As I’ve written before, I think even many of us who rejected the post-Cold War US triumphalism encapsulated in Francis Fukuyama’s now infamous title, “The End of History,” nonetheless deeply internalized its logic, just as many of us who are, or see ourselves, as staunchly anti-neoliberal yet have a deep streak of Reaganism in our souls. How could we not? It’s been the water we swim in, the air we breathe for nearly half a century.

So it was with respect that I listened as Kambale Musavuli of Friends of the Congo fielded Carolyn Baker’s question about Congolese in the United States during the pandemic, and gently flipped it on its head. There’s not a transcript for the interview, and I lack the time to go searching, so I’ll roughly paraphrase Musavuli’s words as follows: I imagine you’re asking about Congolese who are in the US as migrants under the current immigration paradigm, but of course, something like 25% of all African Americans are of Congolese descent. One felt history telescoping back out from the deceptive compression to which it is often subjected by our awful politics. Here was a person with the courage and vision to actually live in the world as it is.
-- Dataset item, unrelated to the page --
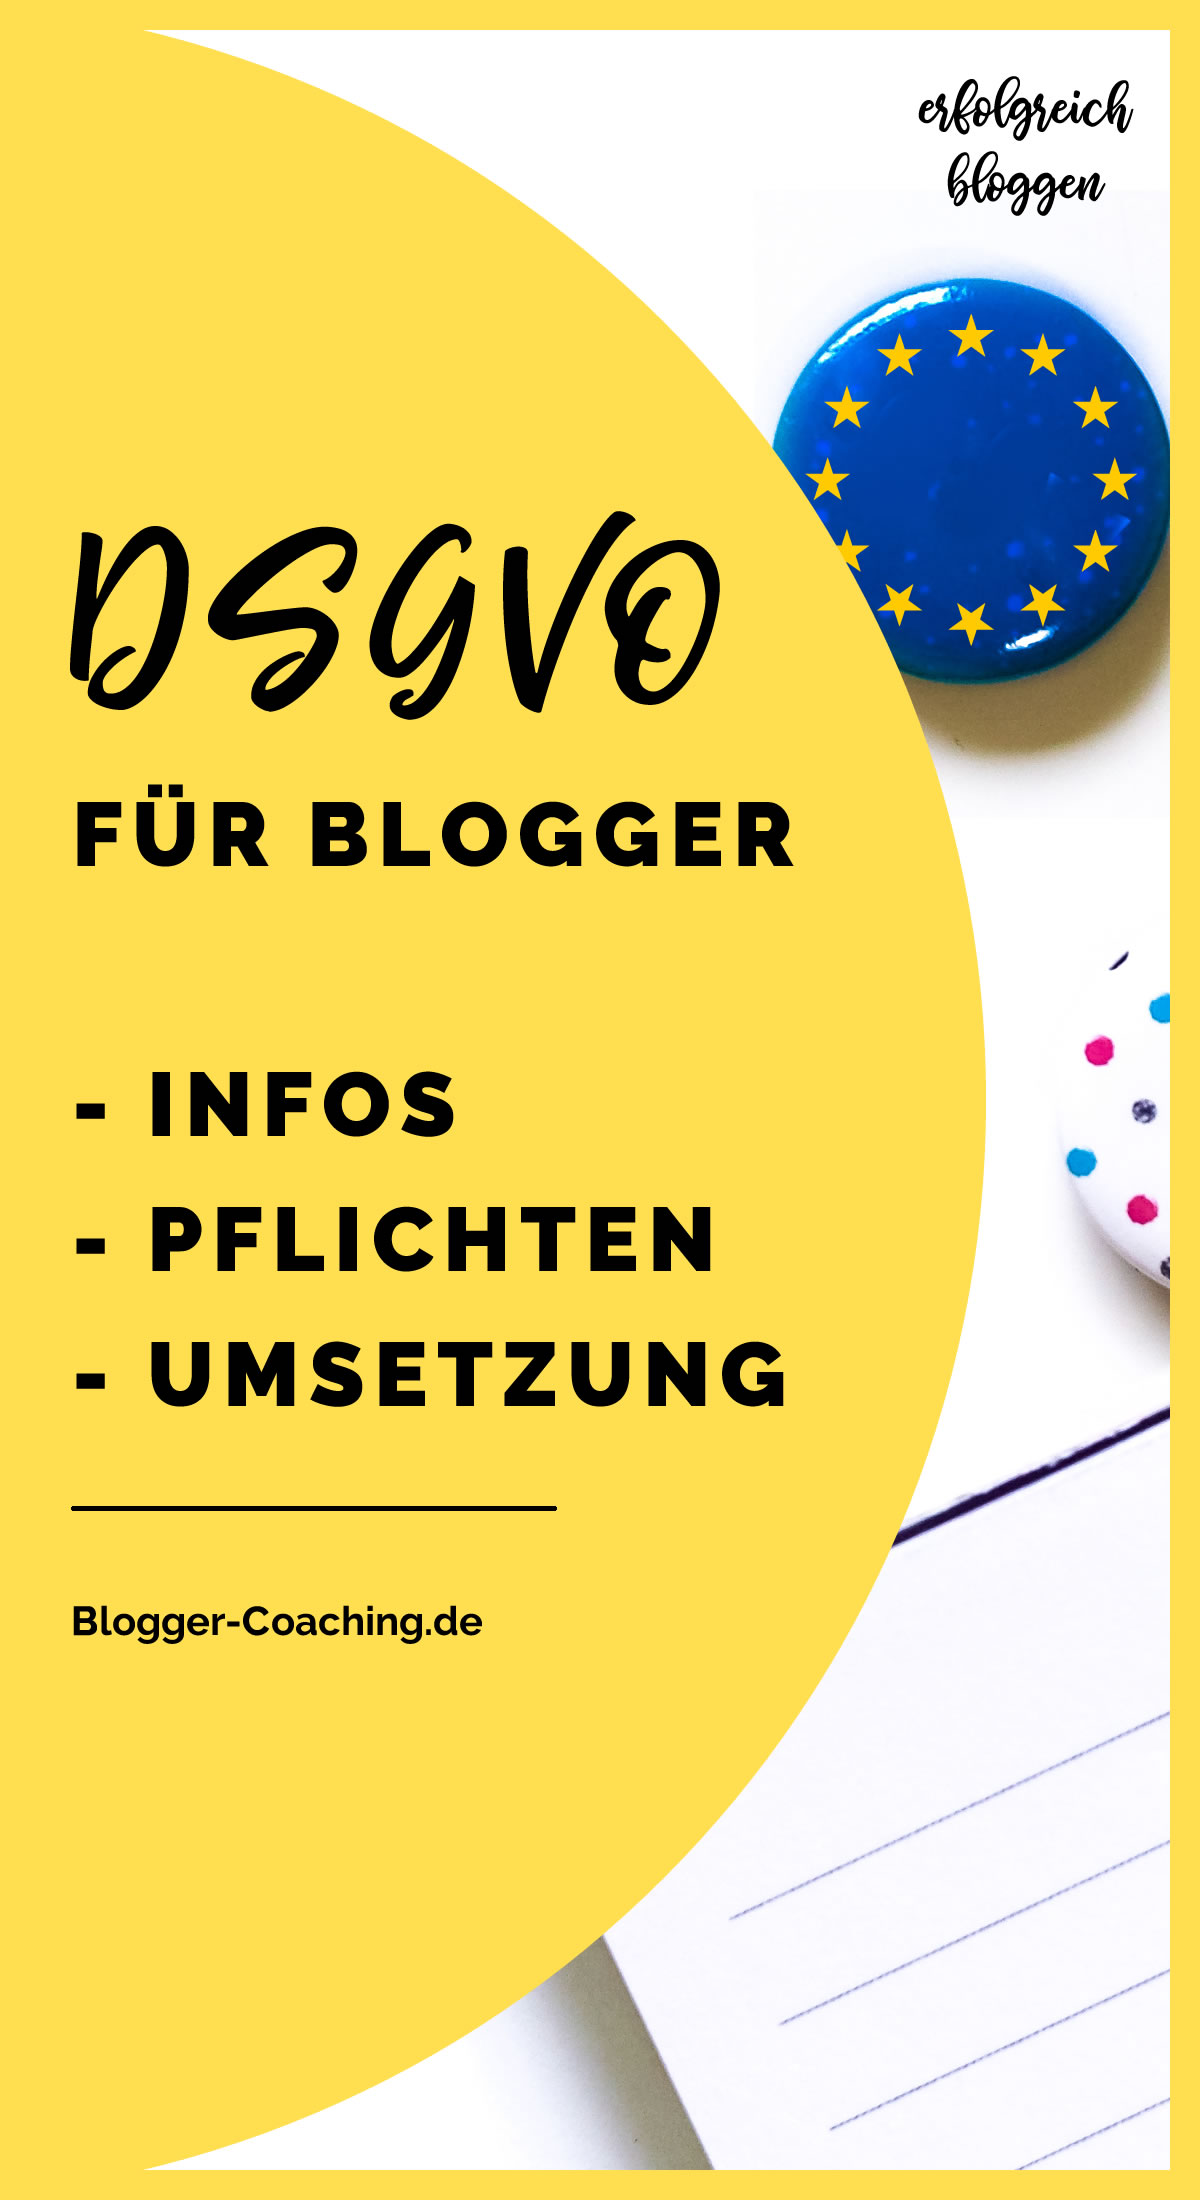 Datenschutzgrundverordnung: DSGVO für Blogger & Websitebetreiber| Blogger-Coaching.de - Erfolgreich bloggen & Geld verdienen

I’ll juxtapose Musavuli’s intellectual courage with the fear and confusion on display in this conversation, on the always uneven Radio Open Source, between host Christopher Lydon and NYU journalism professor Jay Rosen who, to again paraphrase, in speaking to his thoughts regarding the current state of the world, with an emphasis on press freedom and democracy in the US, declared roughly: My intellectual vision is in ruins.

I think of Jimi Hendrix’s version of Castles Made of Sand. We have a real opportunity before us, to remake the world in the name of justice and sanity, to recognize – in overcoming the crisis of the pandemic – the fundamental flaws and failures of our dying status quo, and to carry these lessons forward into the epochal work of confronting the once-in-a-civilization crisis of global climate disruption. Part of seizing that opportunity is re/discovering our own courage and vision, recognizing that the world is bigger than our vacations, and that the meaning of life is more than consumption.

The odds are, frankly, badly stacked against us. The Intercept reports that “has ramped up security and police-related spending in response to the coronavirus pandemic”; the President and his Administration continue, apace, in aggressively pursuing their omnicidal deregulatory agenda; major US-based corporations are seizing the opportunity of the pandemic to wage (further) war on their workers; just as major world powers including the US – through its sanctions on Iran, Venezuela, and Cuba – and China – which is deepening its assault on the autonomy of Hong Kong – are capitalizing on the global crises to pursue their own imperialist/anti-democratic geopolitical agendas. As undocumented people in this country are in crisis, others in the US are worried about their lawns (which are driving insect die-offs). Much has been made of the fact that “carbon dioxide [emissions] suddenly plunged by as much as 17 percent globally in early April as the world responded to the covid-19 pandemic.” The same Grist article from which this quote is drawn predicts that the staggering drop in emissions will have a “Tiny Effect on Global Temperature” and that the annual decrease in carbon dioxide emissions will fall in the mid-single digit range, which – if we maintained such an annual level of decrease going forward for the rest of the decade – might be enough for the world to hit the very modest (and arguably insufficient) Paris goals. Might.

It can be hard to keep perspective, but keep perspective is exactly what we must do if we hope to live lives of meaning in confronting, as it is, and, ideally, reshaping the world. As ever more research continues to demonstrate, denial has already cost tens of thousands of lives in the US alone during the COVID-19 pandemic. Climate denial – which is really just an extreme form of the life denialism, the history denialism, the world denialism that leads even good-hearted people (like Jay Rosen) into intellectual and spiritual ruin and bankruptcy – can easily cost exponentially more lives in the years and decades to come, and may yet drive the world into a state of collapse that will make us long for the days of lockdown, even if we take commensurate action, but most certainly if we don’t.